Joint Pathology Center
Veterinary Pathology Services
Wednesday Slide Conference
28 August, 2019
CASE I: Case #2 (JPC 4117378).
Signalment: 9-year-old, male, African lion (Panthera leo).
History: Caesar was born in June 2007. He and his sister, Cleopatra, were purchased from a breeder in Louisiana by a man who lives in Austin and had a large ranch in the northern Hill Country. The owner contacted the Austin Zoo and Animal Sanctuary in spring 2009 wanting to surrender the pair as he could not get a permit from the county to keep them. Caesar and Cleopatra arrived at the Austin Zoo and Animal Sanctuary in May 2009. Cleopatra got sick in spring 2011 and was humanely euthanized in July 2011 after she was diagnosed with canine distemper virus (CDV) and developed seizure activity. Caesar had never shown any symptoms at this time. All of the large felids were vaccinated for CDV shortly after Cleopatra died. Caesar had a diminished appetite in December 2013 and started exhibiting unusual behavior (e.g. jumping around the walls of his den). His appetite returned in January 2014, but he became ataxic in March 2014. The ataxia became progressively worse until he was no longer able to get his feet under him to walk up the steps into his den. He was admitted to the Texas A&M CVM for examination. He had a high positive titer for toxoplasmosis and a low positive titer for CDV which was thought to be a result of his vaccination. He was alert with an excellent appetite while being treated for toxoplasmosis. After some instances of apparent improvement, he ultimately started star gazing, stopped eating and became nonresponsive, at which time he was humanely euthanized.

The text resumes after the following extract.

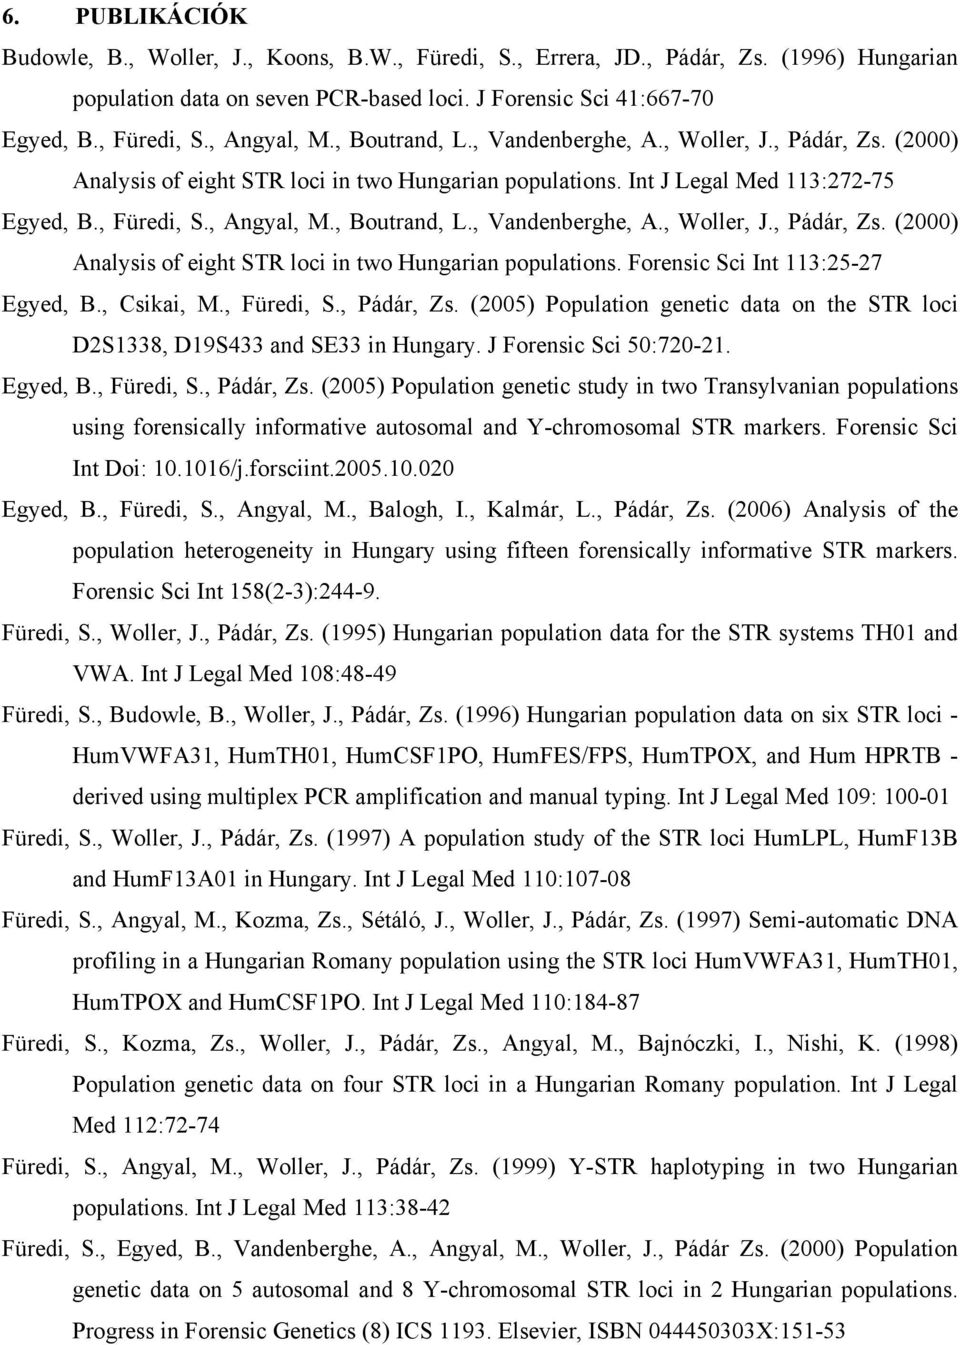 , Csikai, M., Füredi, S., Pádár, Zs. (2005) Population genetic data on the STR loci D2S1338, D19S433 and SE33 in Hungary. J Forensic Sci 50:720-21. Egyed, B., Füredi, S., Pádár, Zs. (2005) Population genetic study in two Transylvanian populations using forensically informative autosomal and Y-chromosomal STR markers.

Gross Pathology: Patient is emaciated (BCS 2/9). There are multiple, red, inflamed areas on skin from trauma and pressure sores. There is an abscess in the ventral neck associated with the right mandibular lymph node. The brain appears slightly shrunken. No other significant gross lesions are observed.
Laboratory results: Brain, positive for CDV by IHC.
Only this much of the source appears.